• What you are asked to do: Retype, word for word, only the lines from the one containing "Бейсболка Sport fishing темно-синего цвета" through the last line of the listing below. Pictures do not belong in the result.

• Provided data:
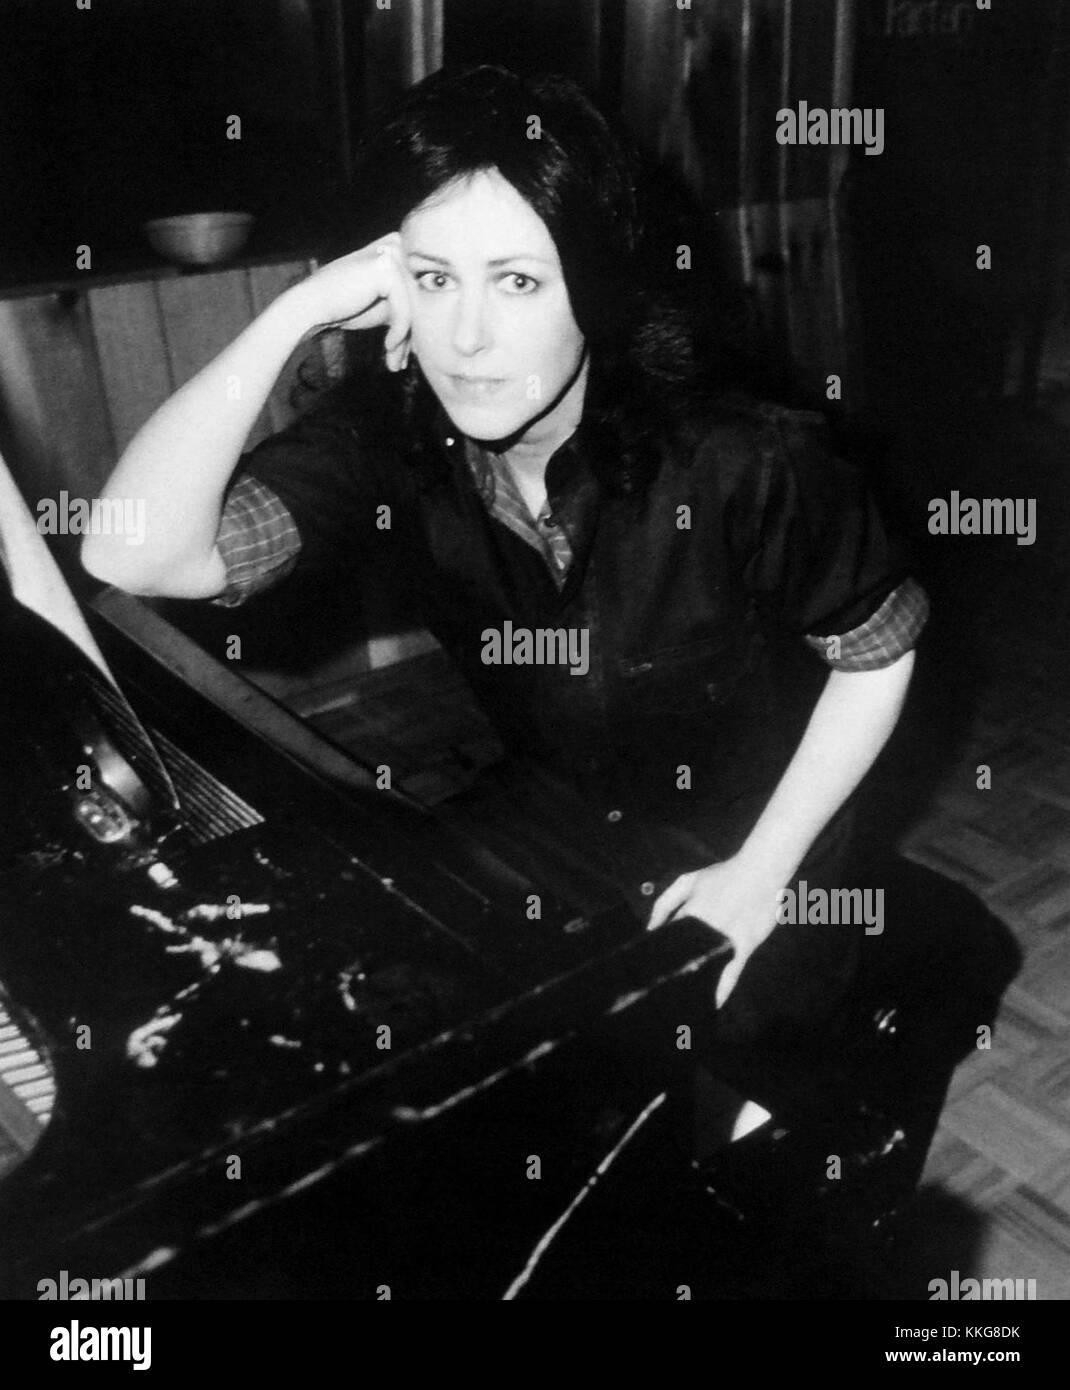 Grace Slick RCA records publicity photo - Stock Image
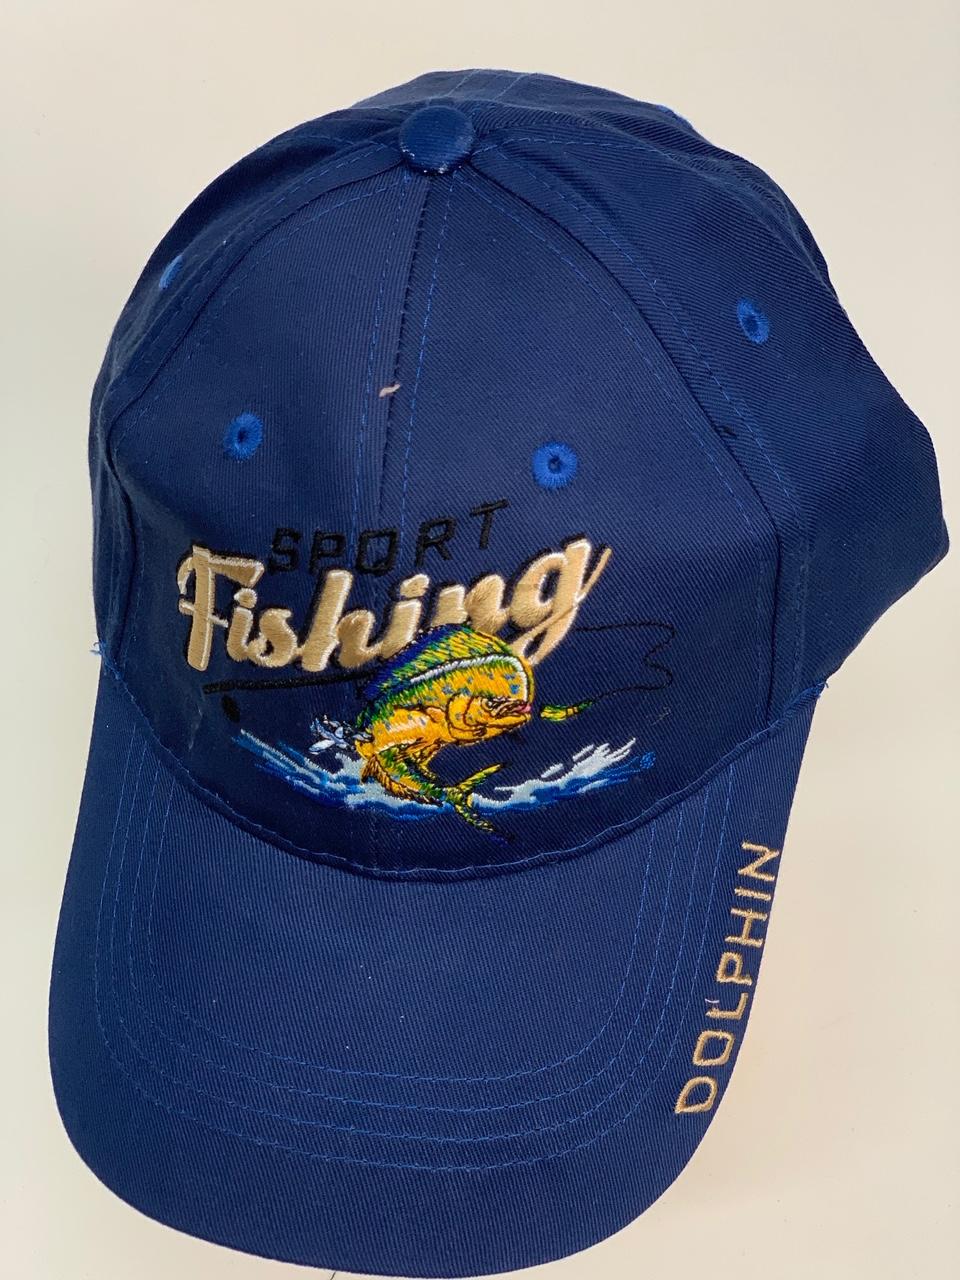 Бейсболка Sport fishing темно-синего цвета
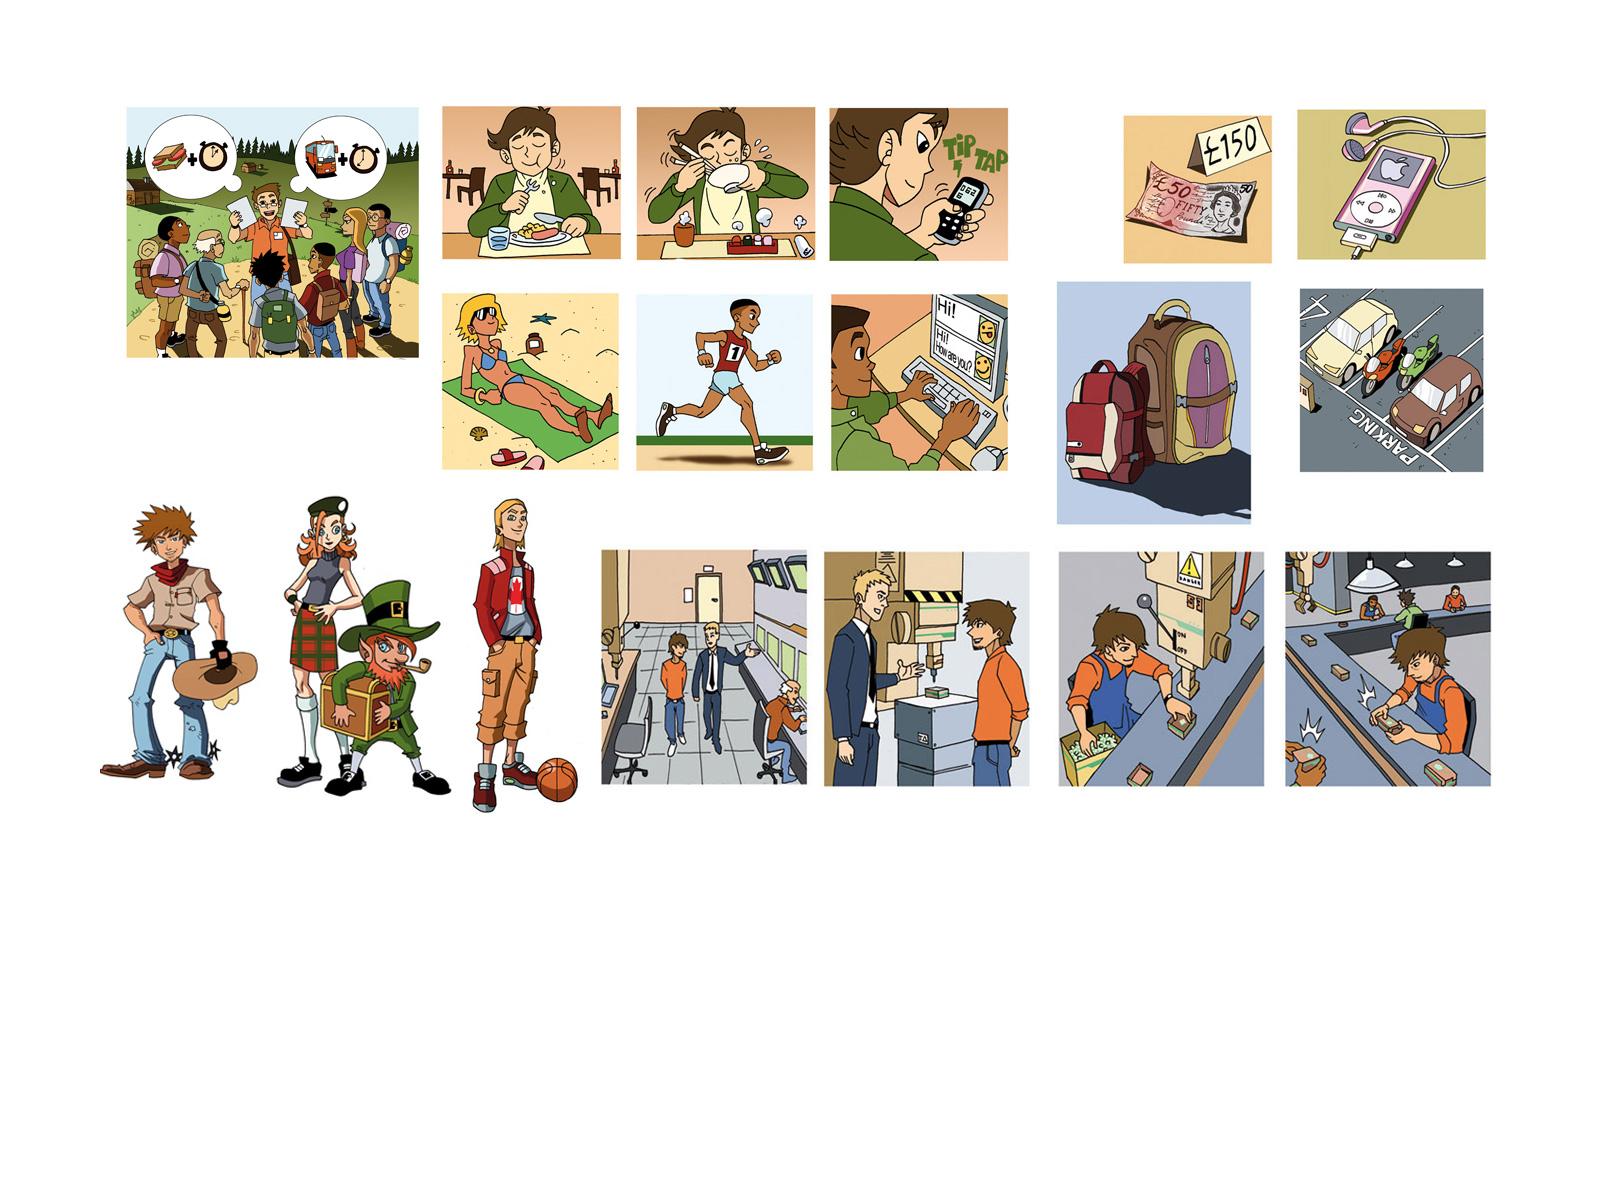 RECIOAlfonso-Illustrations-EDITIONS-2807

• Completed task:
 Бейсболка Sport fishing темно-синего цвета
 RECIOAlfonso-Illustrations-EDITIONS-2807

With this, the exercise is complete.